* **Task prompt**:
When you reproduce the listing, keep every word as it is and drop the pictures.

* **Supplied information**:

:::::

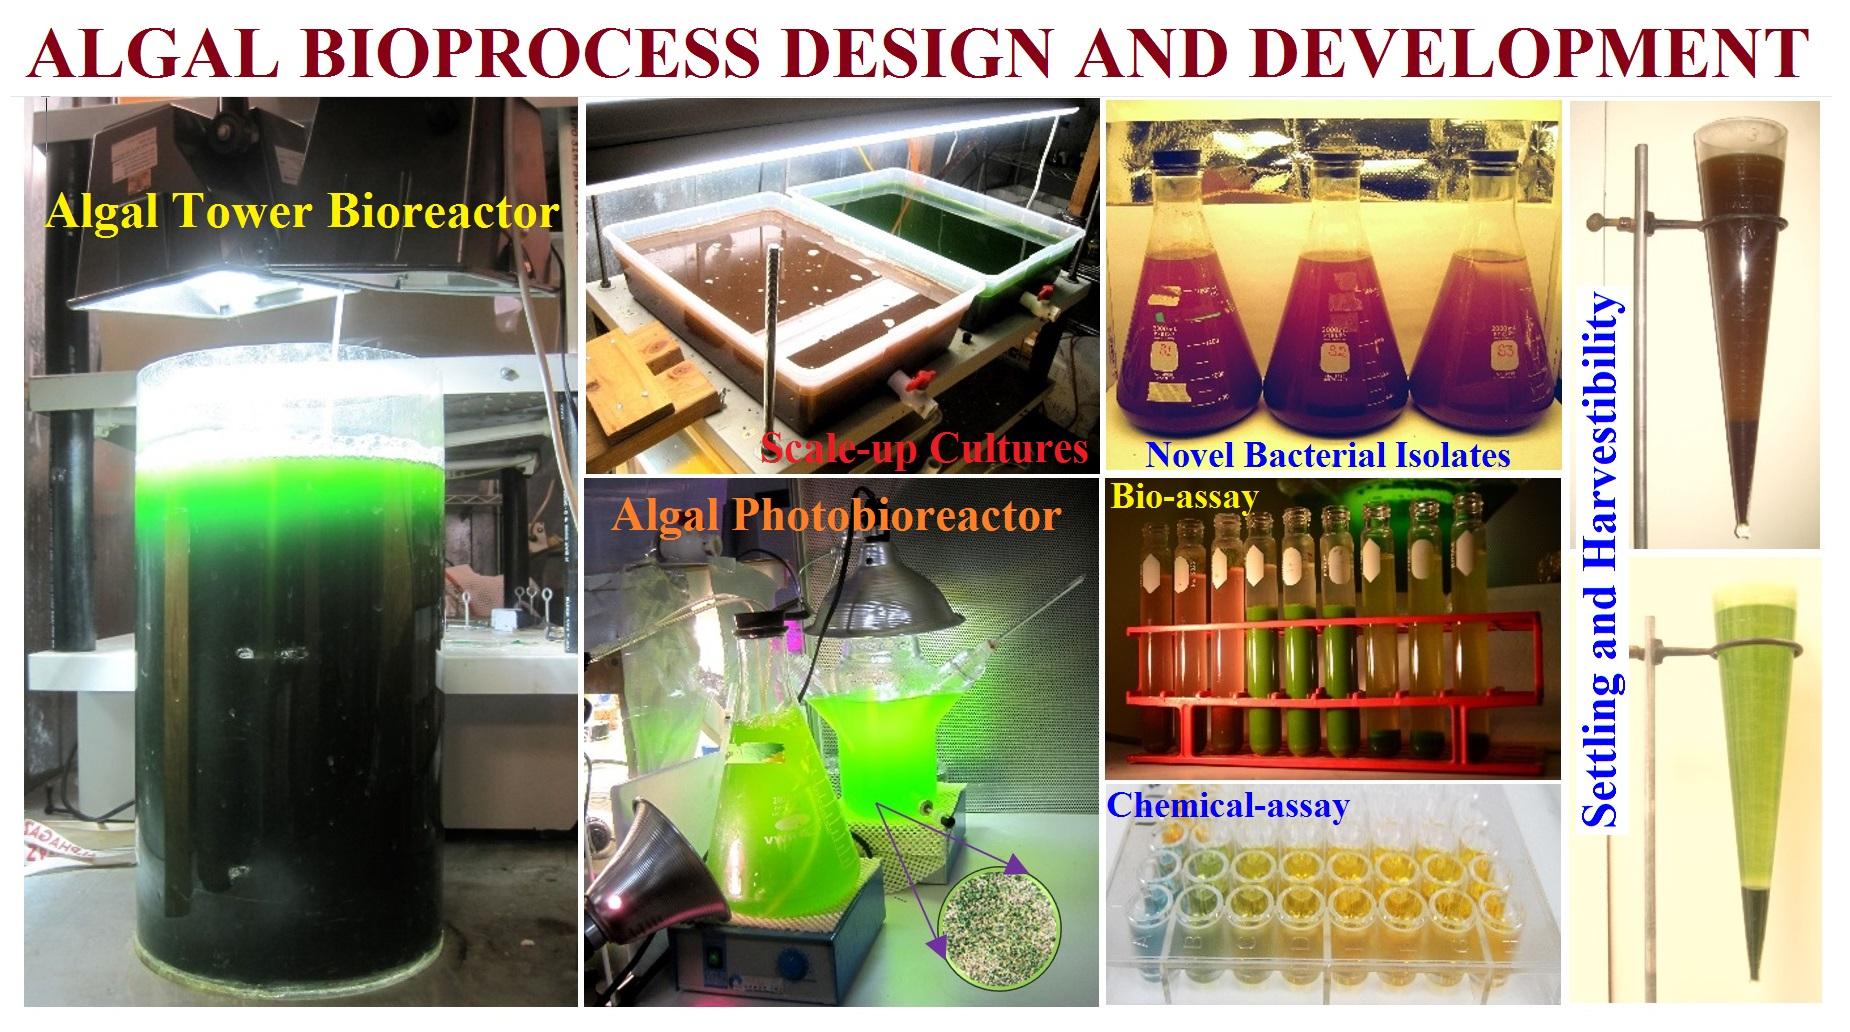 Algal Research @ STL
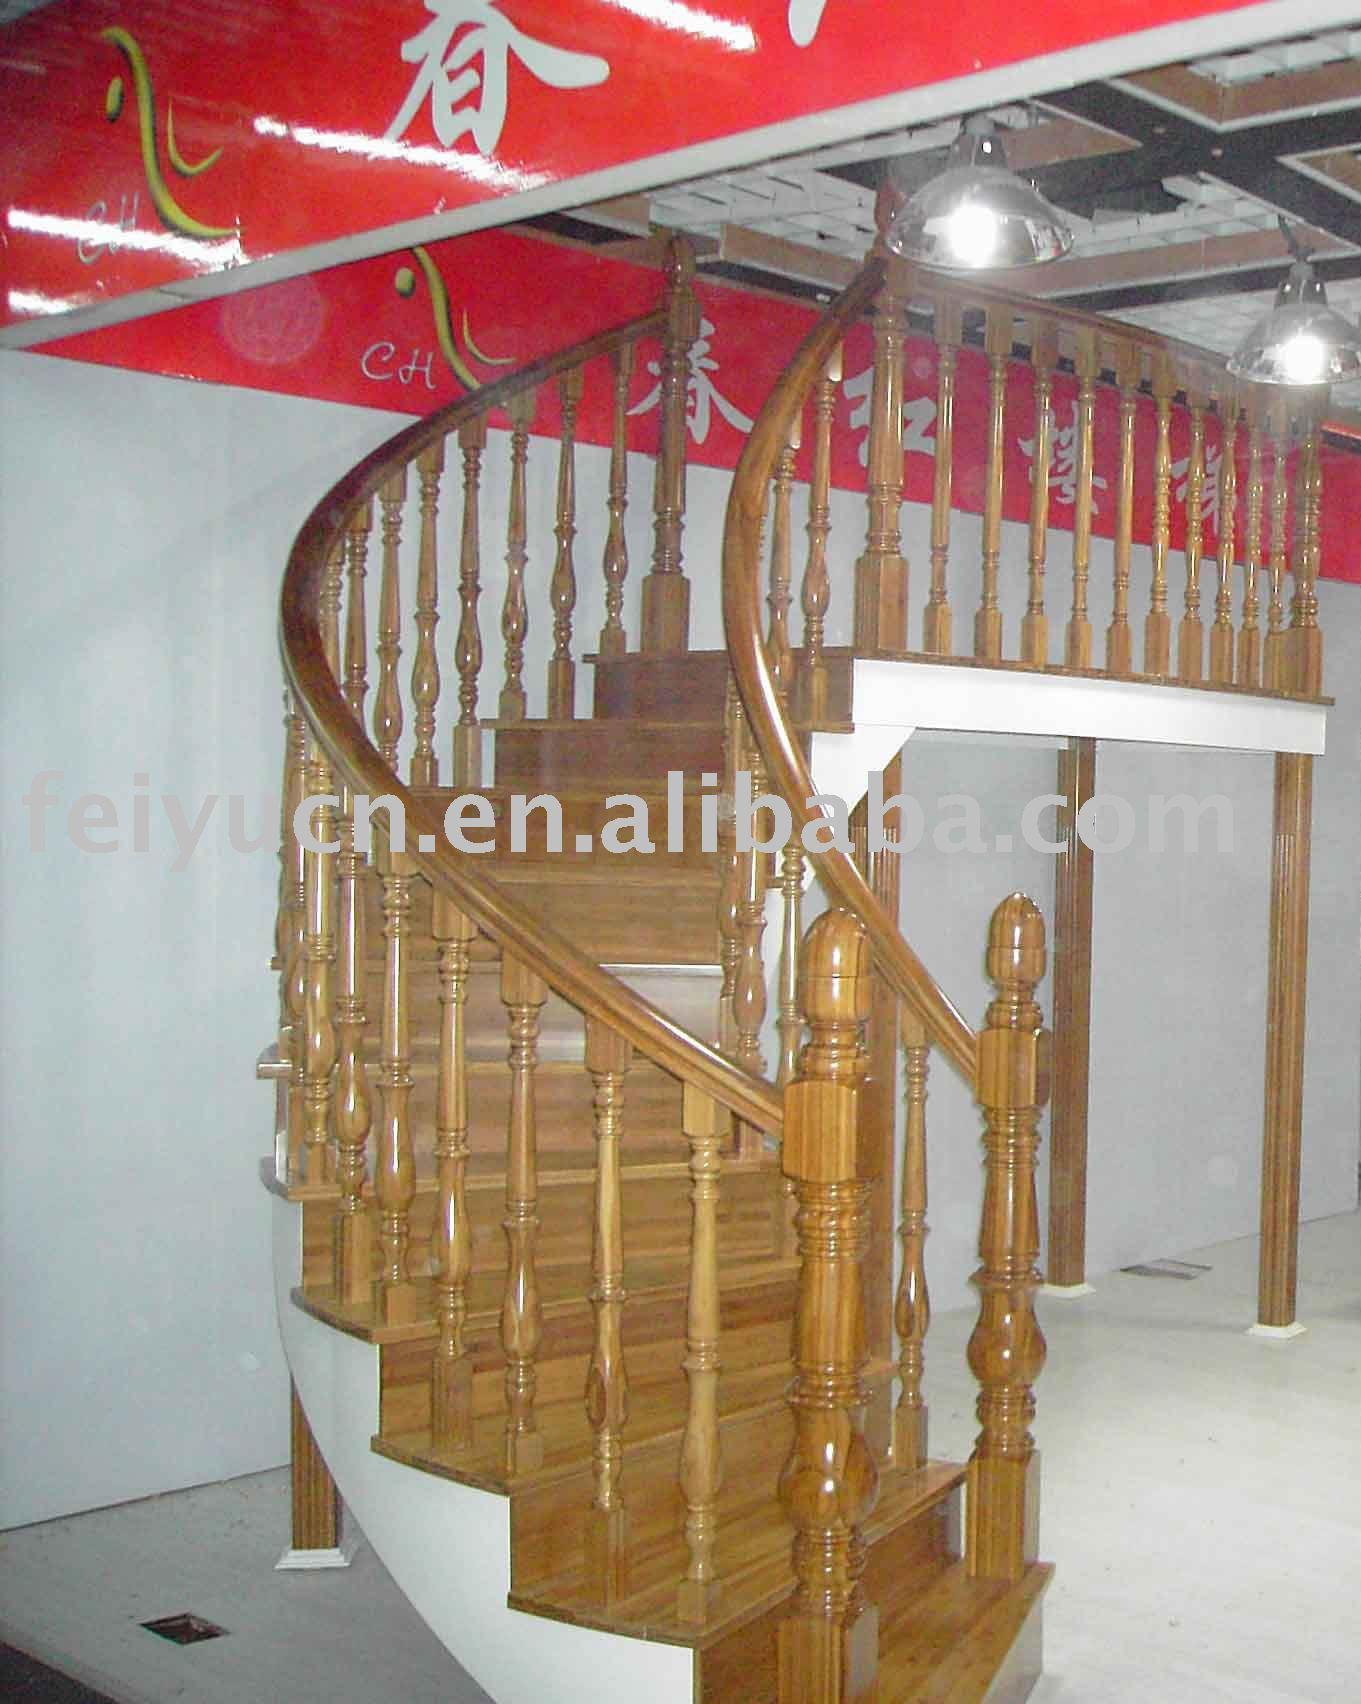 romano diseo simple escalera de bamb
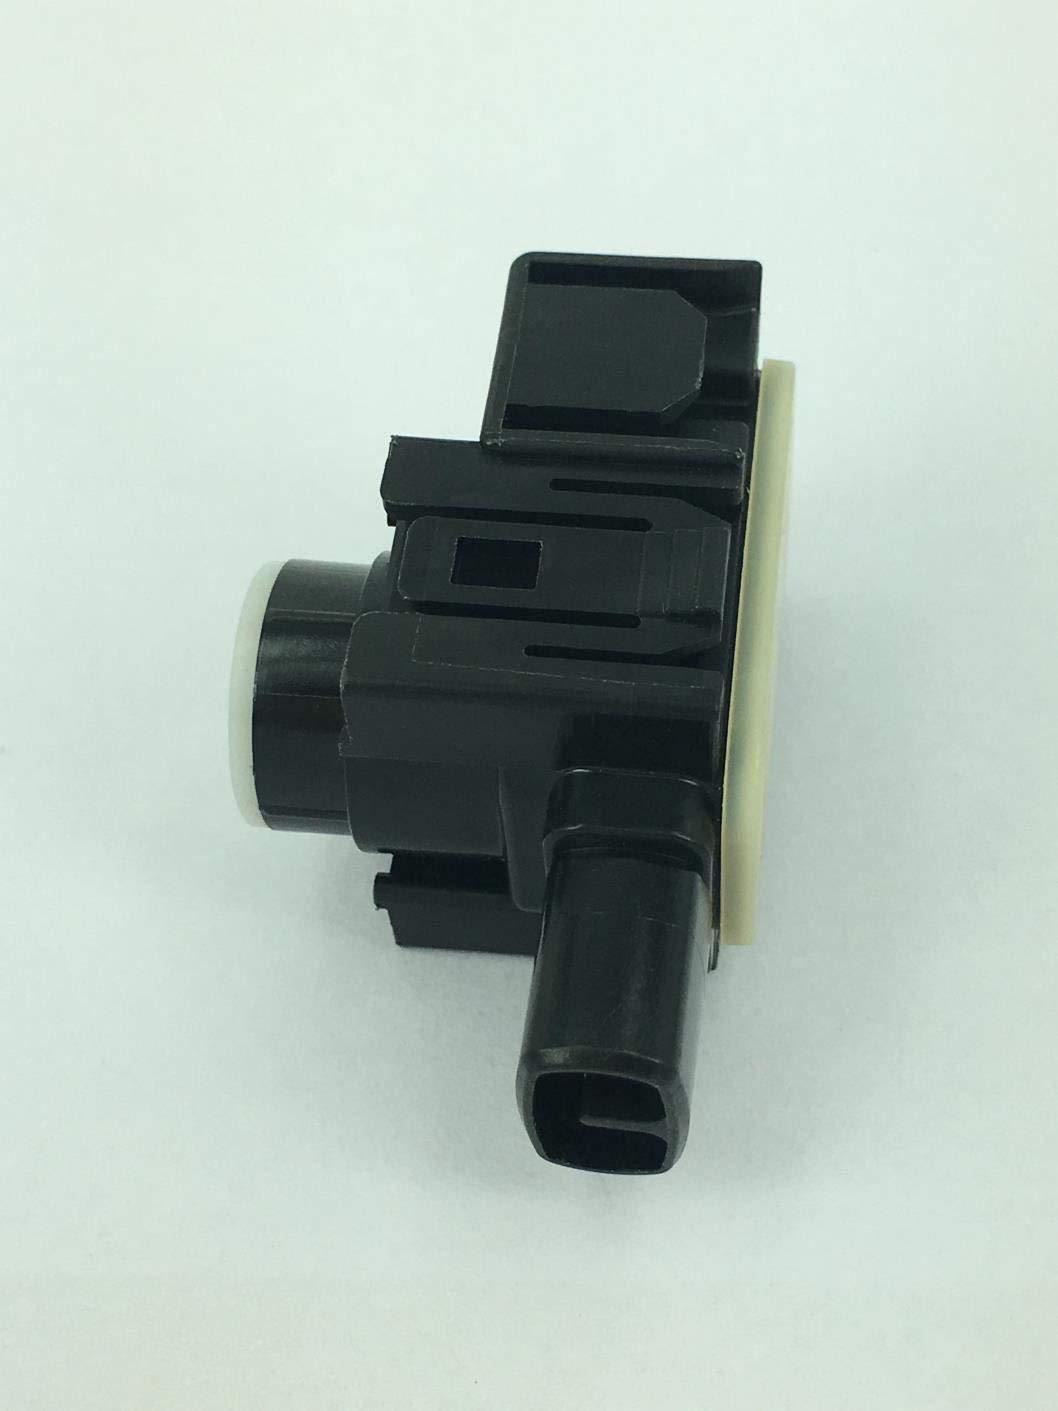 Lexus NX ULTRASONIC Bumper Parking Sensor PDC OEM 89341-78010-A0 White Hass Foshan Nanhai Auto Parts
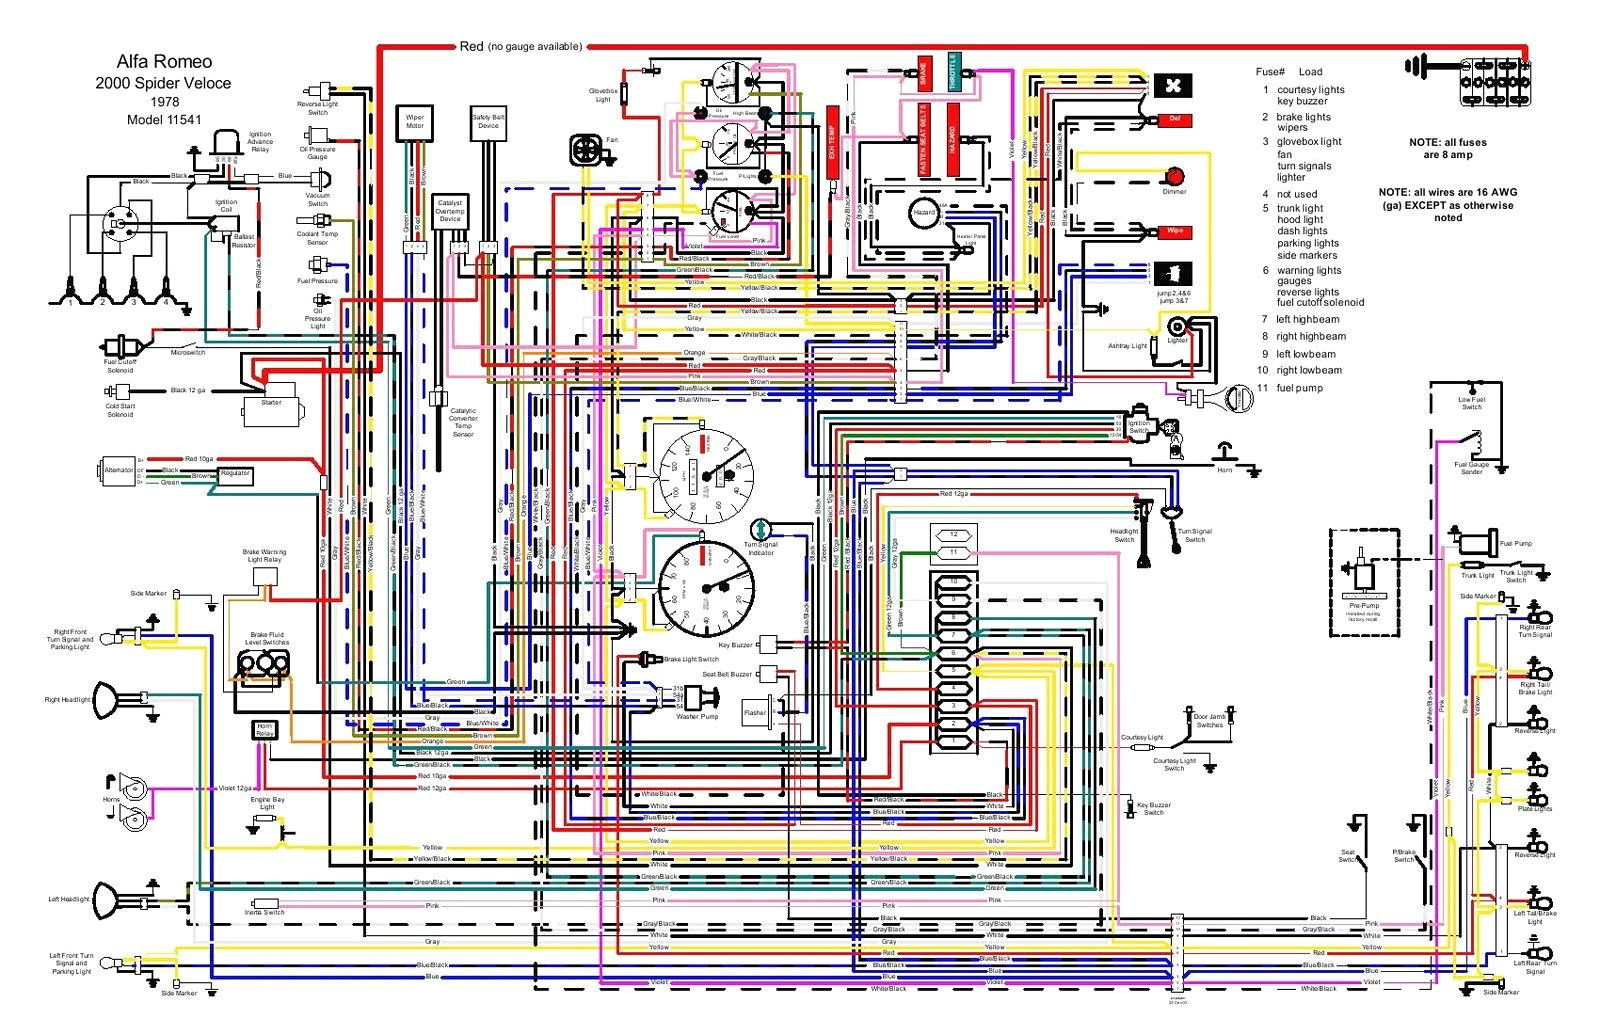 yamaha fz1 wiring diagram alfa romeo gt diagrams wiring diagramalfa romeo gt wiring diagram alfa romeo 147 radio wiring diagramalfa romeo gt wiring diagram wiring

:::::

* **Answer box**:
 Algal Research @ STL
 romano diseo simple escalera de bamb
 Lexus NX ULTRASONIC Bumper Parking Sensor PDC OEM 89341-78010-A0 White Hass Foshan Nanhai Auto Parts
 yamaha fz1 wiring diagram alfa romeo gt diagrams wiring diagramalfa romeo gt wiring diagram alfa romeo 147 radio wiring diagramalfa romeo gt wiring diagram wiring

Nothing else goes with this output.